Opinion: My degree means nothing to me
May 8, 2023
Why is it that I don’t feel like graduating and getting my degree is a big deal? I should feel proud and excited to be a first-generation Mexican woman receiving her bachelor’s degree, but instead, I feel nothing.
Is it because going to school is all I’ve known since I was 5 years old and don’t see finishing as the huge accomplishment everyone makes it out to be?
For most, when we graduate high school, we go straight to college because it’s the lifestyle that is promoted to us all throughout our years at high school. There hasn’t been a time where I thought and felt that I had the option to do anything else.
Is it because there is some sort of burnout that I don’t even realize I’m experiencing? All of my days consist of going to school, driving 30 minutes home, changing into my work clothes and then driving straight to work.
In a research article about burnout, faculty of Psychology and Education Science at Transilvania University of Braşov found that there is higher potential for burn out and depression in students who have jobs because they are juggling the demands of work and school. The effects are more prevalent in students who work for 20 hours or more per week.
I haven’t necessarily felt stressed – up until the past month – but I do feel it is extremely repetitive: it doesn’t give me any time to do the things I want to do, like stay at home all day without worrying about when the next assignment is due or what time I have to be at work.
I don’t feel that my situation is severe enough for it to even be considered exhaustion or, let alone, burnout.
Could it be the lack of support from the people in my life? It’s not that the people in my life don’t support me or are against me going to school, but it seems like they don’t care.
My parents don’t know anything about my academic career, not even what my major is.

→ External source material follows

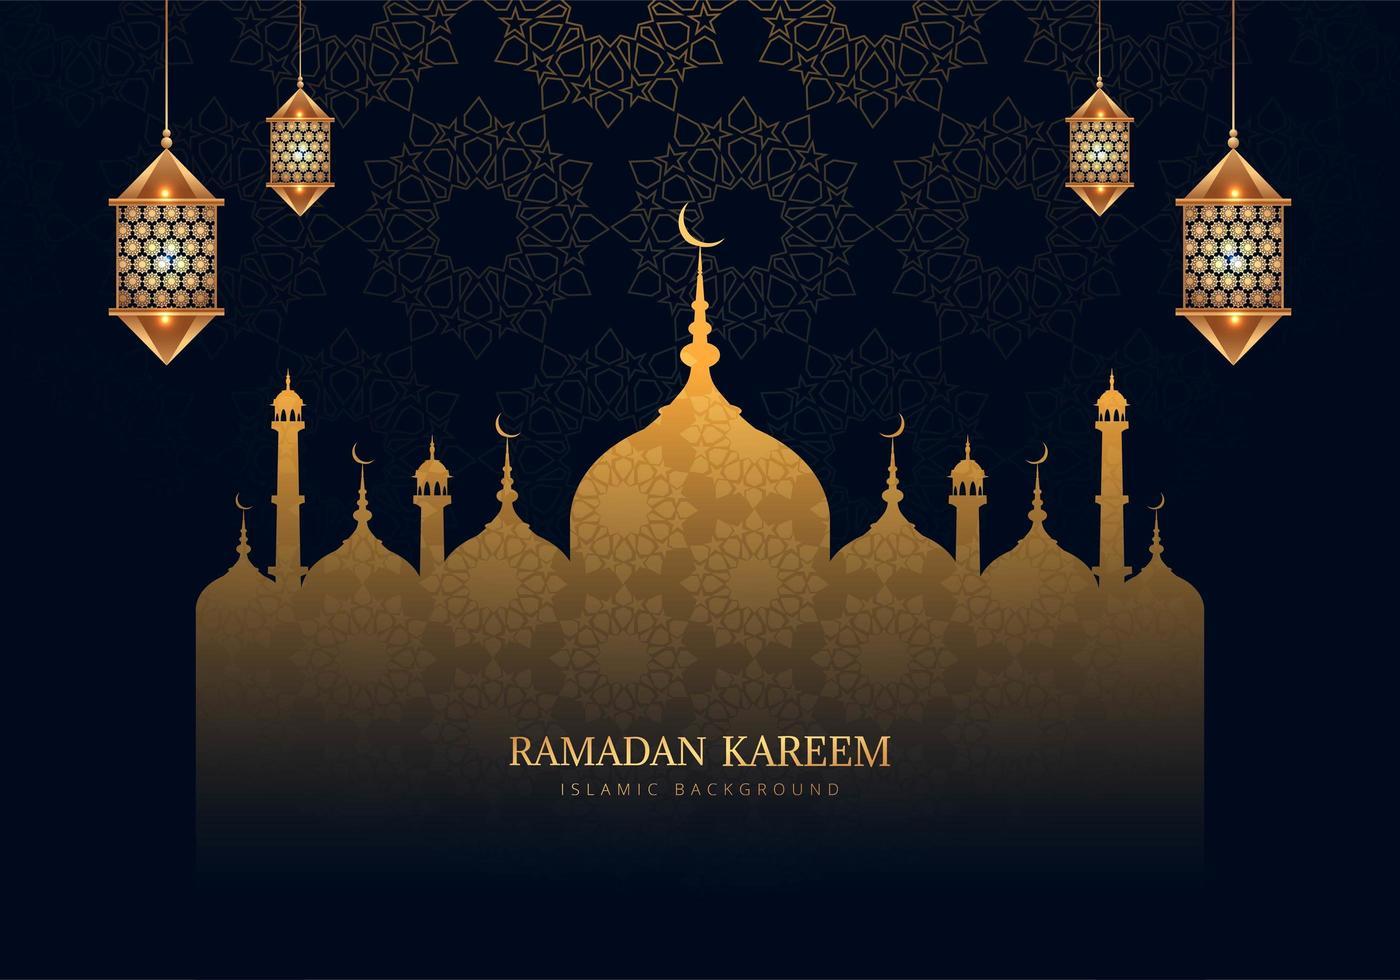 Ramadan Kareem schöne gemusterte Moschee Silhouette vektor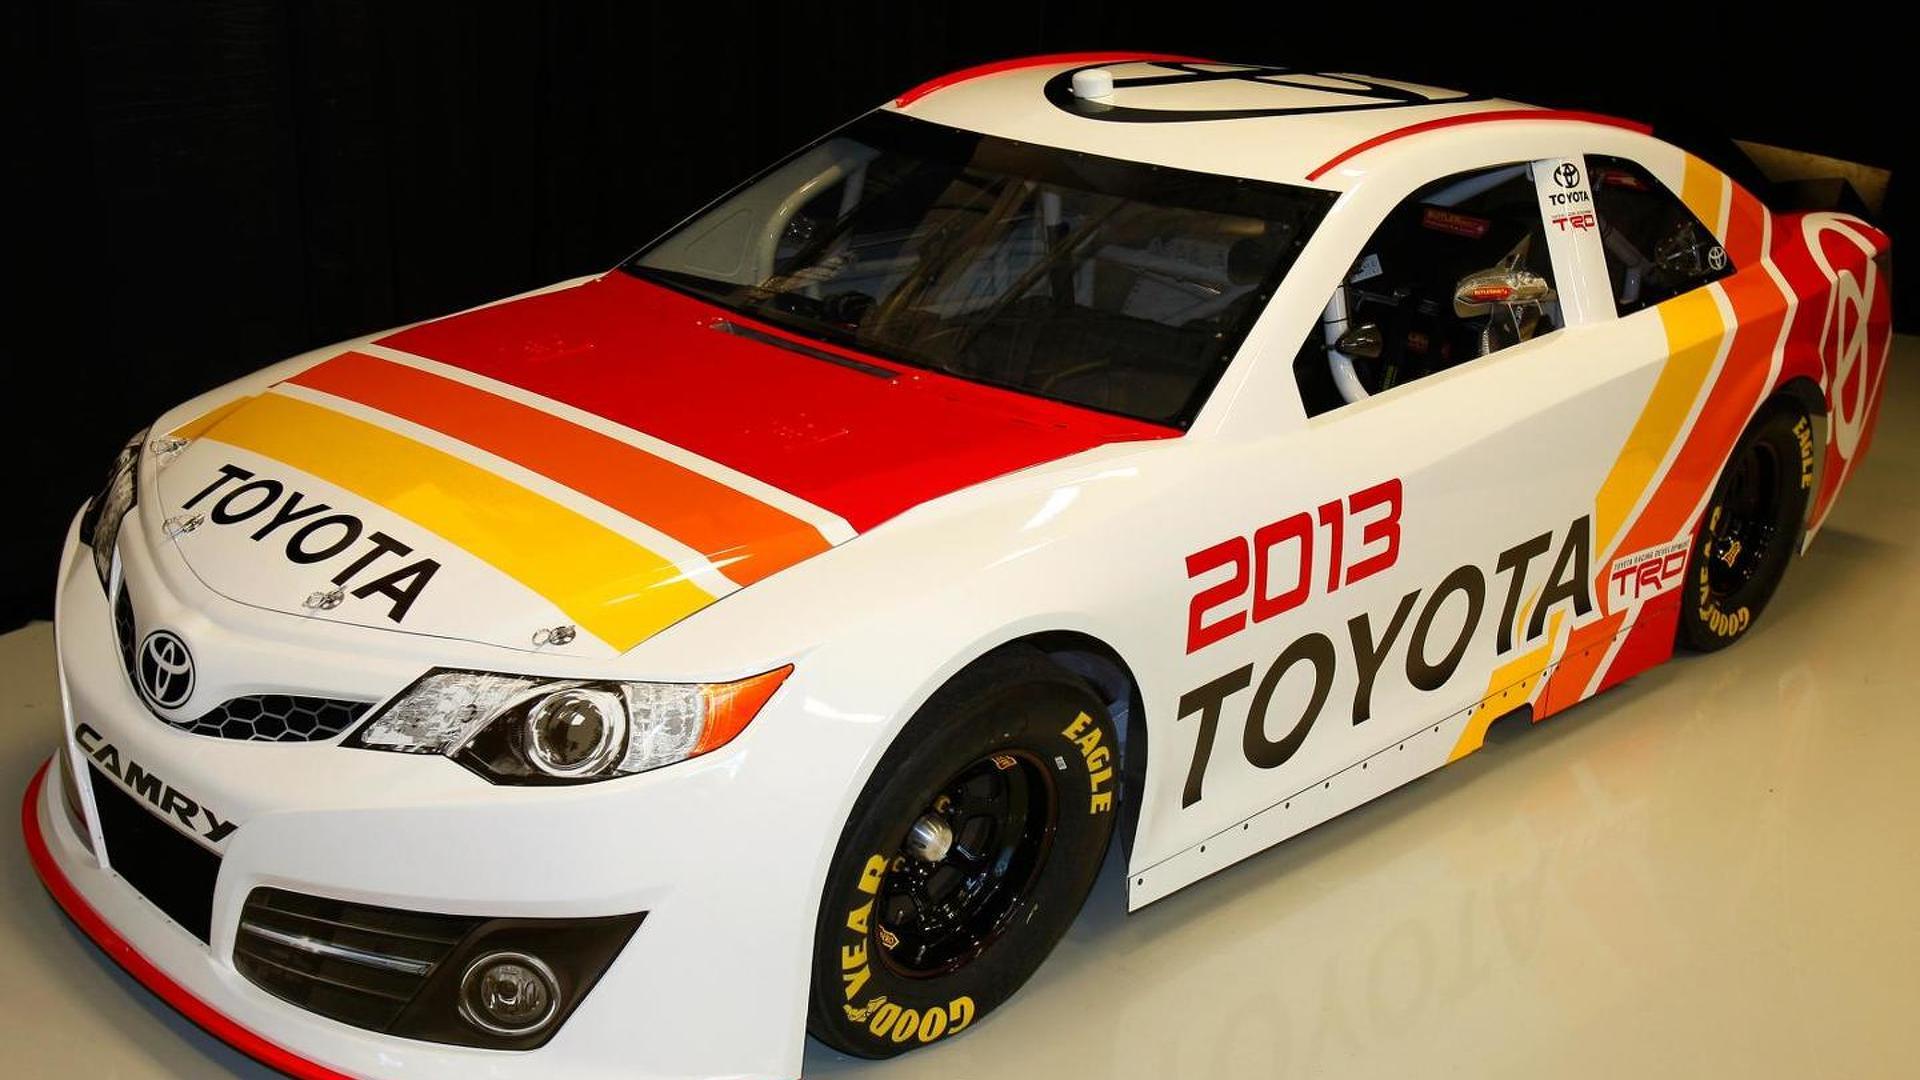 Toyota reveals 2013 NASCAR Sprint Cup Series Camry

All my parents know is that I’m going to school and spend all my time either there or at work.
I feel like I have been on this entire journey on my own and even though it had no impact in the moment, my thoughts are spiraling as I write this.
Upcoming graduate Yosemiri Valenzuela, says “I did have a support system through tough times. It was my friends. Their support meant a lot to me since we were going through the same situation.”
It doesn’t feel fair to say that my family doesn’t care because I’m sure they do, it just may be hard for them to relate to my experience.
A fellow graduate in my senior seminar class is doing their final project on students who are first-generation graduates that experience imposter syndrome, and it made me think: Is this why I don’t feel like I’m accomplishing anything major?
In the article “CSULB’s first-generation students overcome ‘imposter syndrome’,” first-year graduate student Cristy Tran said that the biggest struggle she faced was the disconnect between the differing experiences her and her family had.
As a first-generation student, I have no reference to what going to college and getting my degree should look like. Neither of my parents went to high school due to lack of resources in Mexico, while my older sister dropped out after a semester.
No one in my household knows what it is like to be a university student. They also don’t know what it is like to be a full-time student who is working 5-6 days of the week.
Maybe they all play a factor into why I don’t feel like I’m completing a major milestone in my life, but feeling this way is making me have a sort of existential crisis three weeks before graduation.
I, at no point, felt like getting my degree was pointless. I just simply don’t see it as a monumental achievement.
To me, it feels like it’s a part of living and something we have to do. The only thing I am certain of is that I love communications, and everything related to communication studies. I may not find personal value to my degree, but I truly value everything I’ve learned about the communications field.